§ Task prompt: The pictures are to be left out when the listing below is reproduced word for word.

§ Collected data:
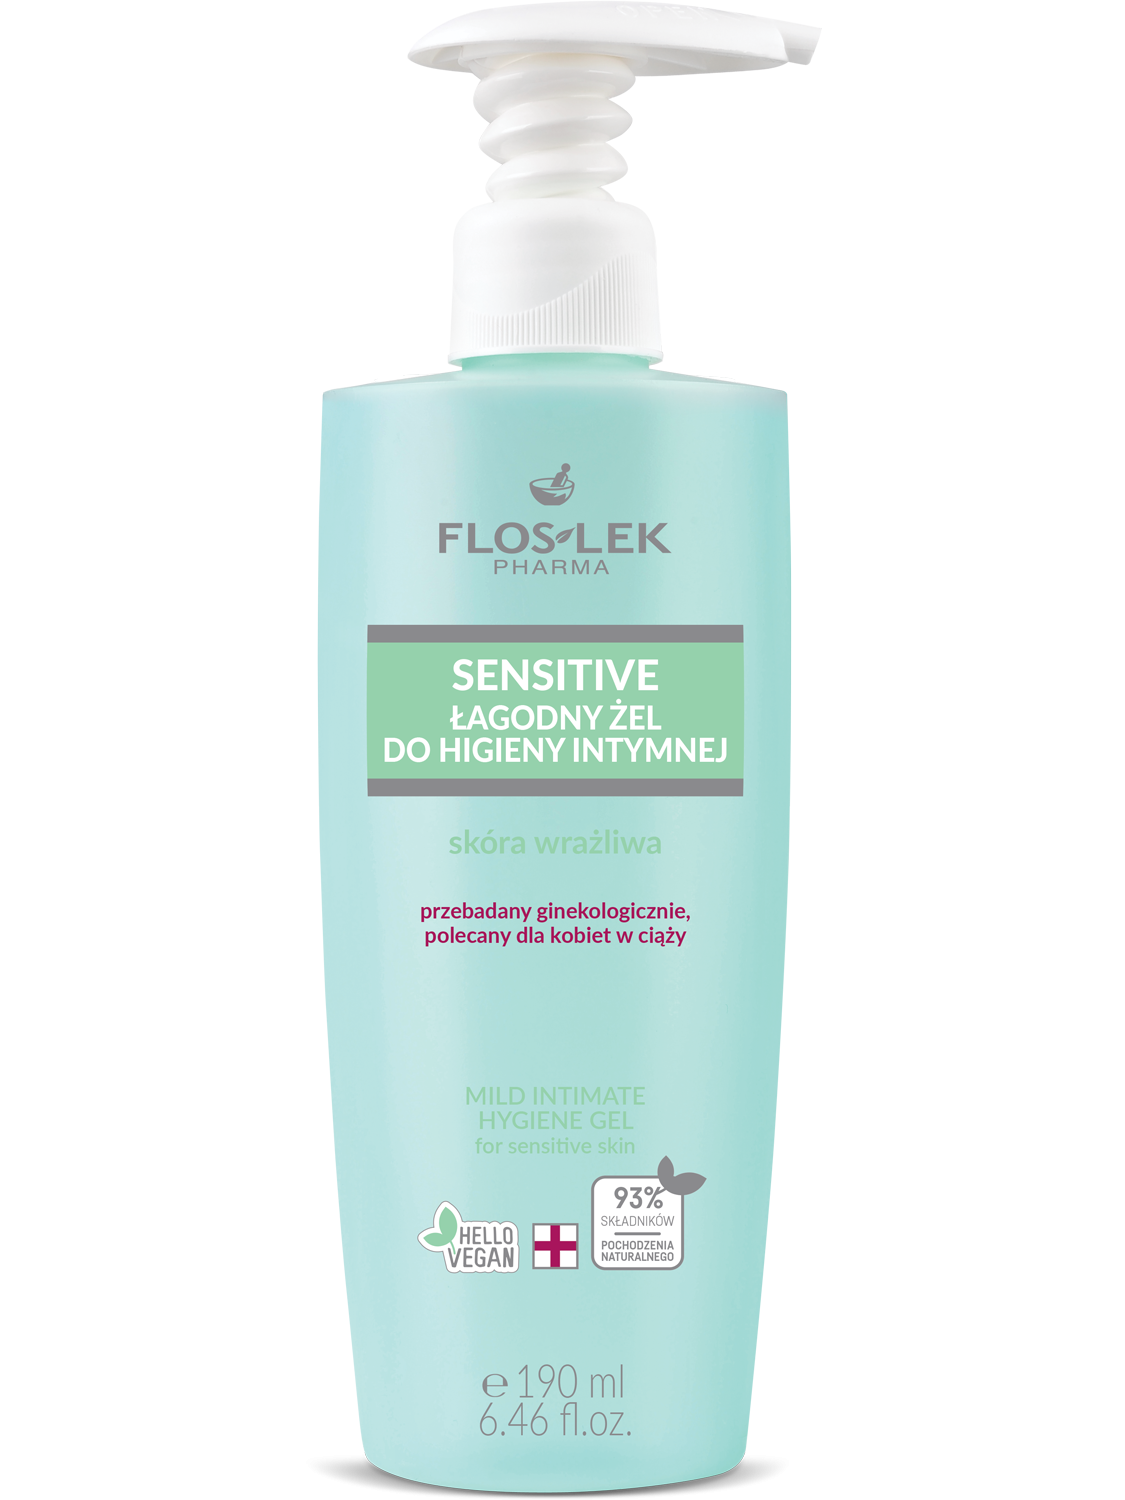 Floslek Gentle intimate hygiene gel for sensitive skin
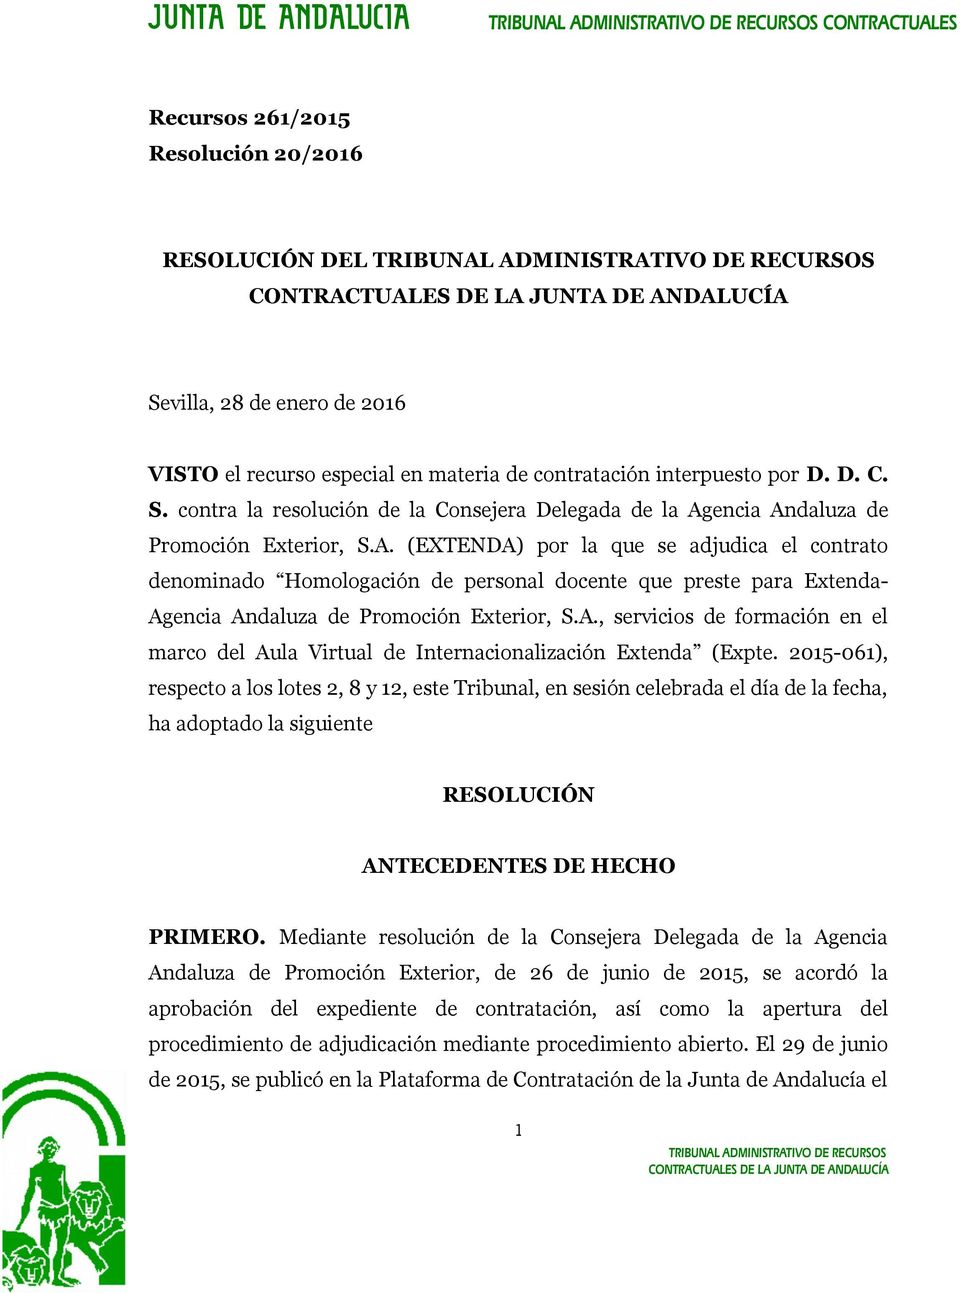 2015-061), respecto a los lotes 2, 8 y 12, este Tribunal, en sesión celebrada el día de la fecha, ha adoptado la siguiente RESOLUCIÓN ANTECEDENTES DE HECHO PRIMERO.
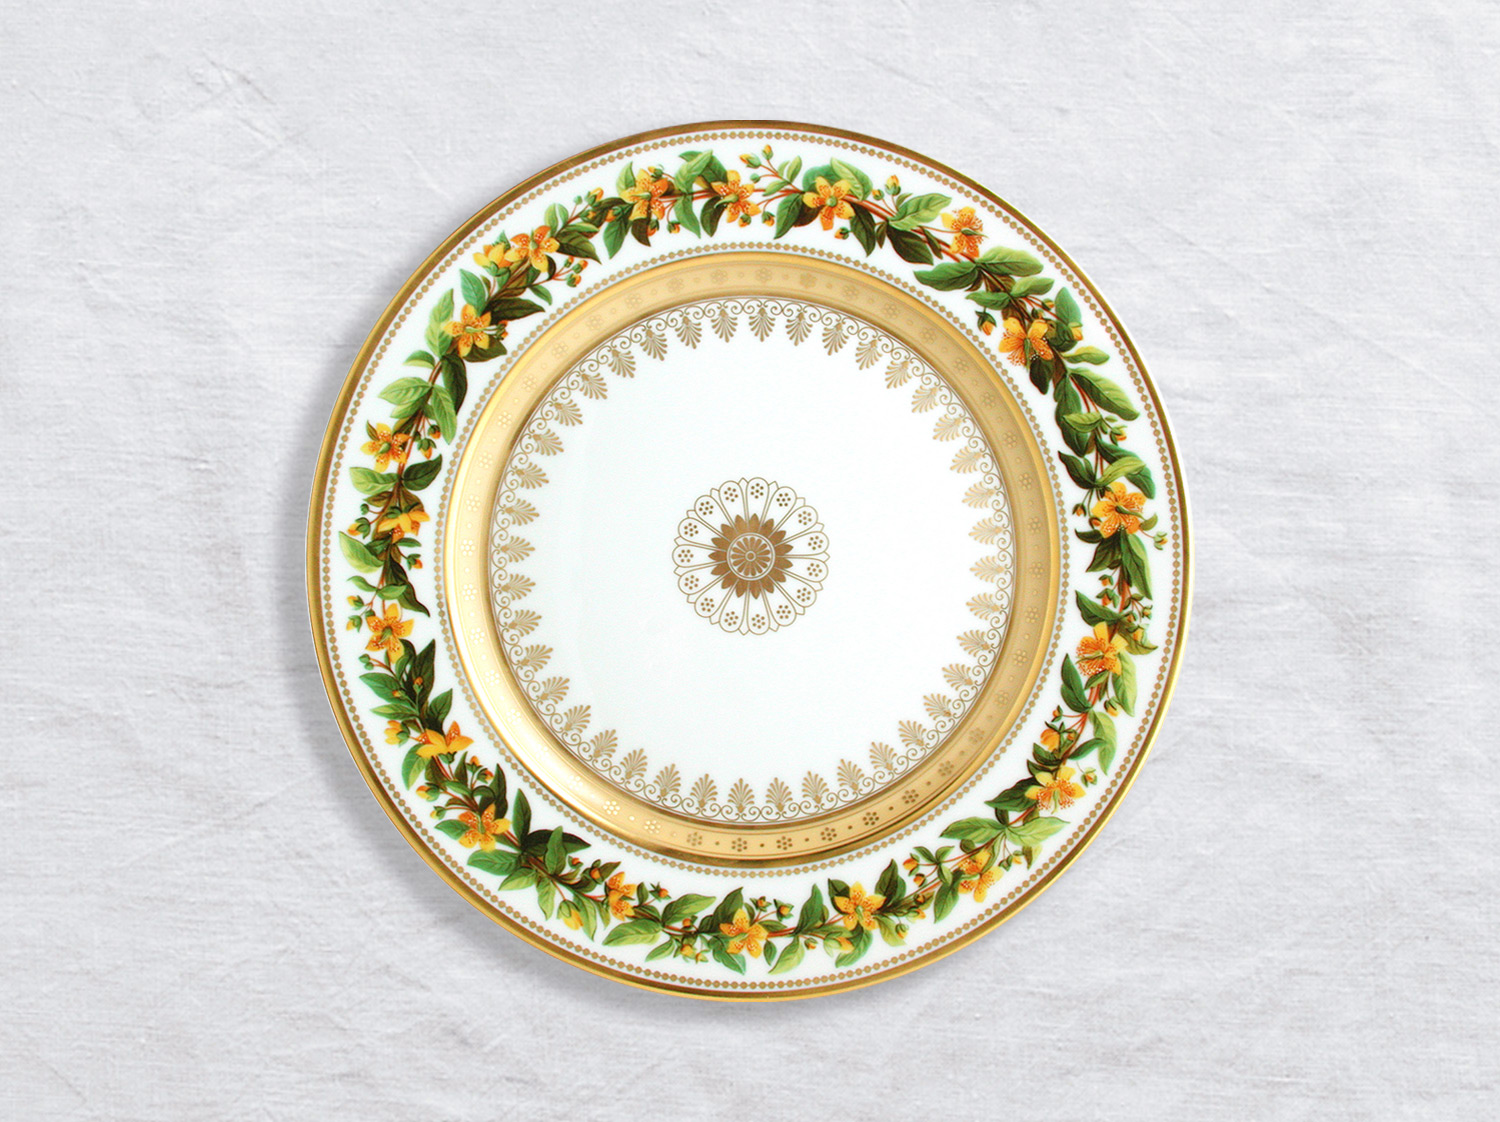 Assiette à dîner Millepertuis dresse 26 cm en porcelaine de la collection Botanique Bernardaud
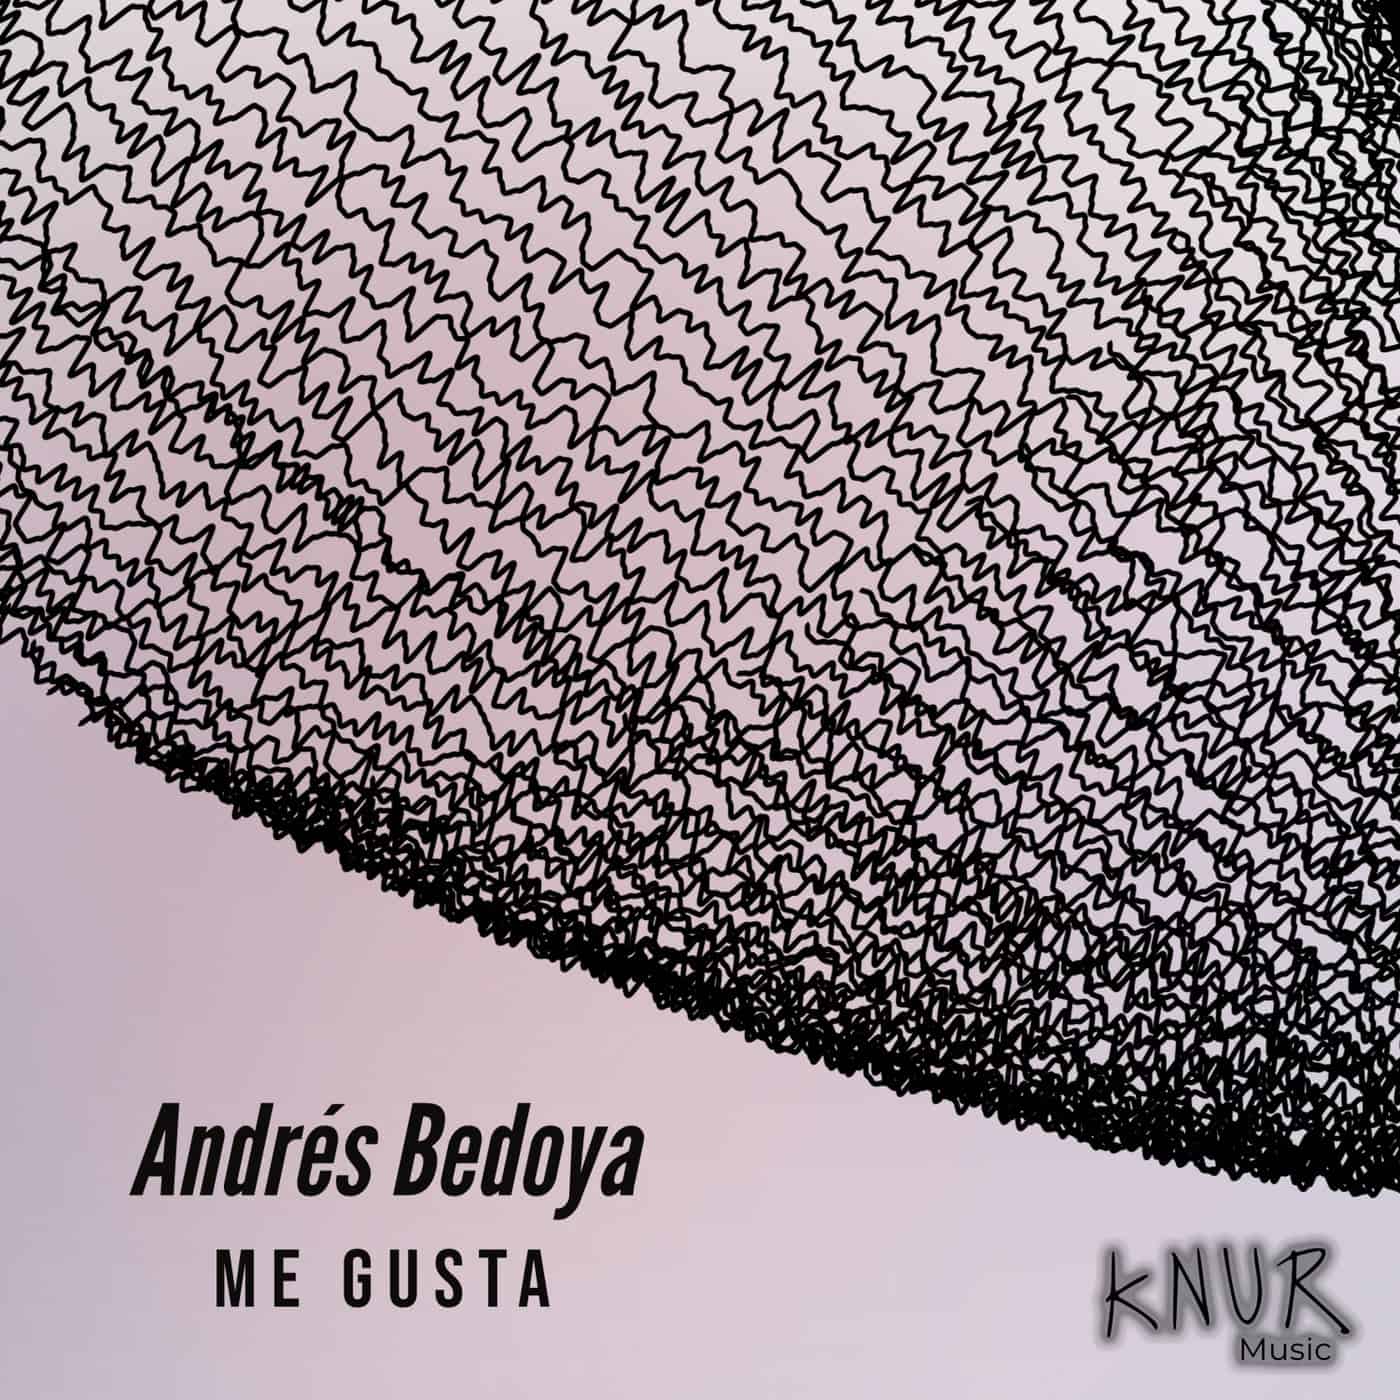 Download ANDRES BEDOYA - Me Gusta on Electrobuzz

§ Response to this exercise:
 Floslek Gentle intimate hygiene gel for sensitive skin
 2015-061), respecto a los lotes 2, 8 y 12, este Tribunal, en sesión celebrada el día de la fecha, ha adoptado la siguiente RESOLUCIÓN ANTECEDENTES DE HECHO PRIMERO.
 Assiette à dîner Millepertuis dresse 26 cm en porcelaine de la collection Botanique Bernardaud
 Download ANDRES BEDOYA - Me Gusta on Electrobuzz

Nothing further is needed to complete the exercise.